Defever: When you ask about the recording and creating process of the album, Tecuciztecatl, as separate from the songwriting process, then I would say it's different than most of the earlier albums in that it is mostly recorded live, like a documentary process, and that we recorded the album in the order that the songs appear on the record. We would work on one song at a time and when you listen to the record you can hear it develop very naturally. 



Milo: And tell me about Sunship. How cognizant were you, or are you, of an audience that will eventually be experiencing the sounds you're making?
Defever: Maybe it's slightly boring, but getting into the natural healing properties of music/sound is important to me. The way the inner ear is designed, the way the nervous system works, the natural order of harmonics found in just tempered music versus the equal or compromised tuning that has been popularized in the west in the last couple hundred years... 

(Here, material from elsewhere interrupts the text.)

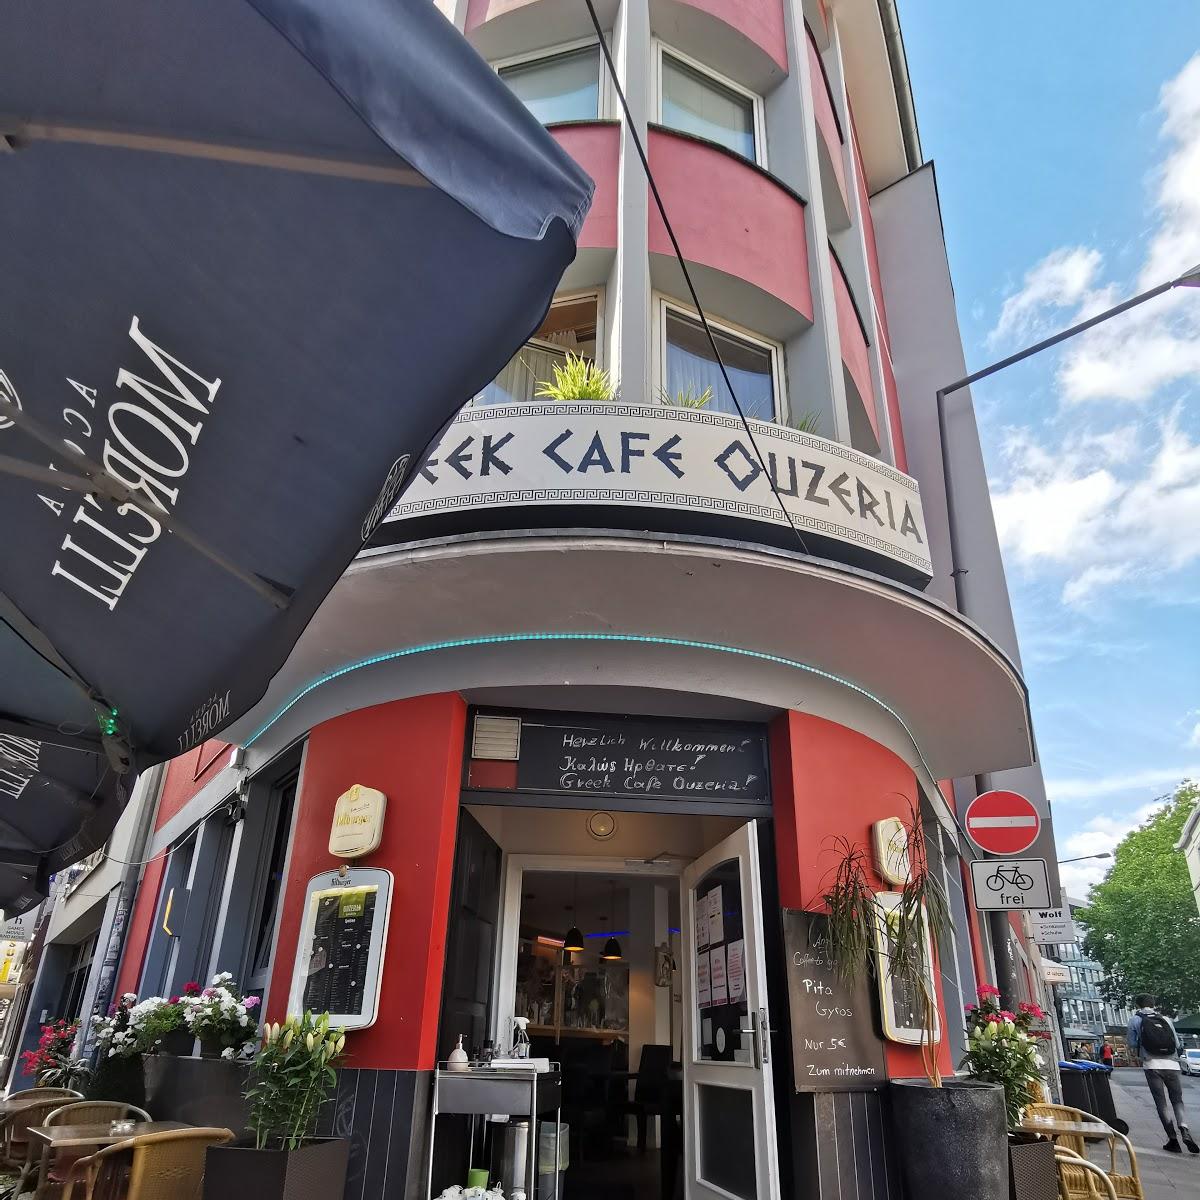 Greek Cafe Ouzeria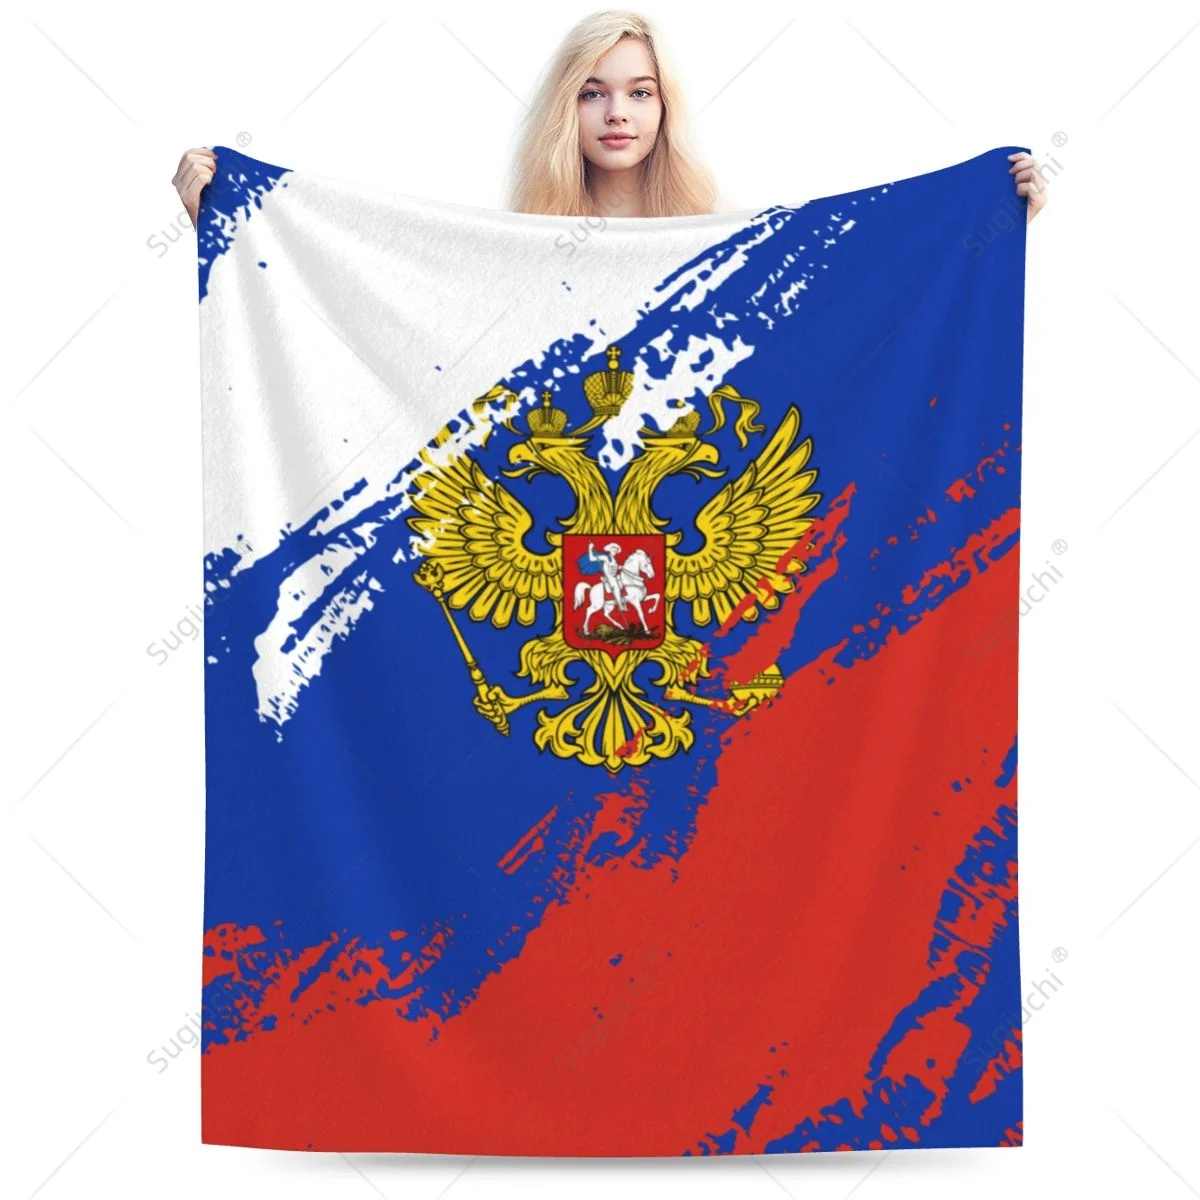 

Одеяло с российским флагом, цветной фланелевый многофункциональный чехол для кемпинга и дивана, сохраняет тепло

Defever: The relationship between these things is everything! Albert Ayler said, "Music is the healing force of the universe," and I strongly believe in those words. In America in the 1980's, we figured out how to make individually wrapped cheese slices that had no nutritional value and orange drink that contained no juice; these had zero positive effects on the body. Recent technological advancements now allow us to remove all the natural healing qualities from the music before it gets to the listener, whether we're talking about auto-tune, quantizing beats on a grid, or even low quality streaming thru tiny, shitty little speakers.  Music is primarily made up of sound. There's a connection between the sun, the air, water, plants, animals, wind, bees, nutrients..., all of what life requires to survive. 



Milo: Now that this is all said and done... What is the one interview question, or any question, you'd rather never be asked again...

Defever: 
I actually haven't really done that many interviews in my life and I'm always curious what questions people have. There's so much happening here that I believe should be readily apparent but is clearly misunderstood or unclear to people. Unfortunately I suspect that my own insights into the process or motivations don't really make it any more clear to the listener.